» TASK REQUIREMENTS
Between the line containing "Hª DE CATALUNYA" and the line containing "Cotton Chino Cloth Garment Dye Pants - 1" lies a run of lines; give that run again exactly, with both of those lines, and nothing else from the entries below.

+++ INFORMATION SUPPLIED +++

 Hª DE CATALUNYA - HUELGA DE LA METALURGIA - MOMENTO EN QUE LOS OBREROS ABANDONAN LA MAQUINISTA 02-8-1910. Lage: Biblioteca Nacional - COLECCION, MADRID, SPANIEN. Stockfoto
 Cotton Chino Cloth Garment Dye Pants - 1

+++
+++ INFORMATION SUPPLIED +++

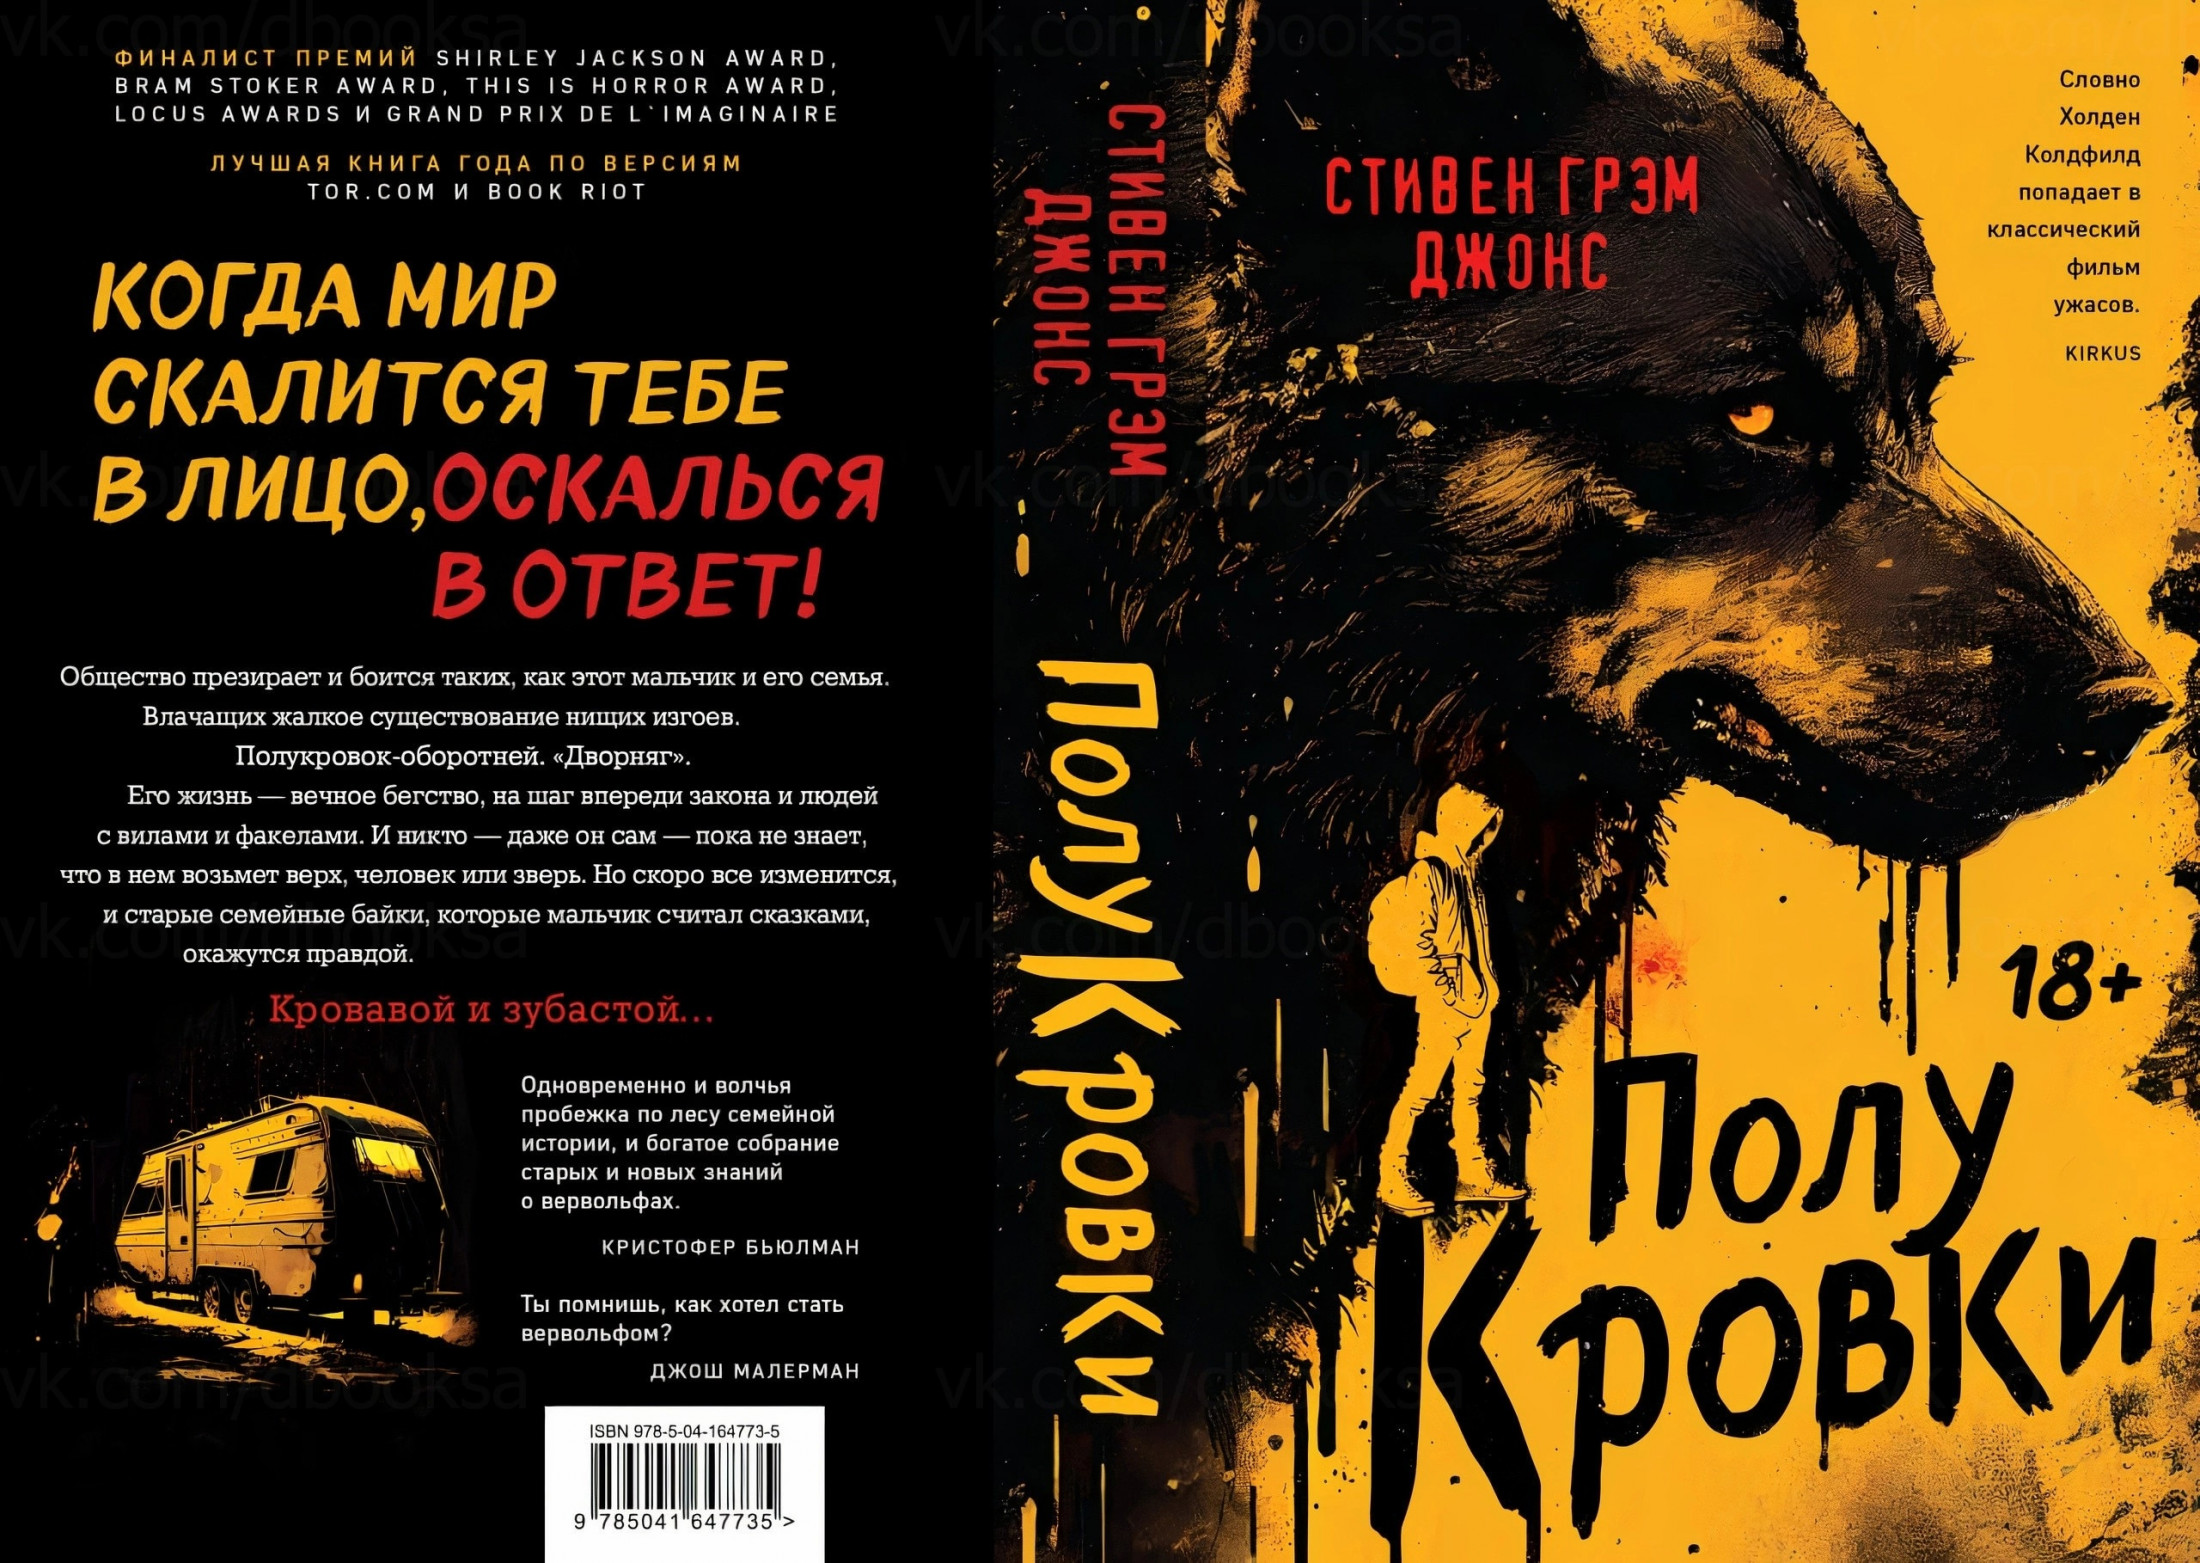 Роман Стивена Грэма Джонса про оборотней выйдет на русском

+++

» FINISHED TASK
 Hª DE CATALUNYA - HUELGA DE LA METALURGIA - MOMENTO EN QUE LOS OBREROS ABANDONAN LA MAQUINISTA 02-8-1910. Lage: Biblioteca Nacional - COLECCION, MADRID, SPANIEN. Stockfoto
 Cotton Chino Cloth Garment Dye Pants - 1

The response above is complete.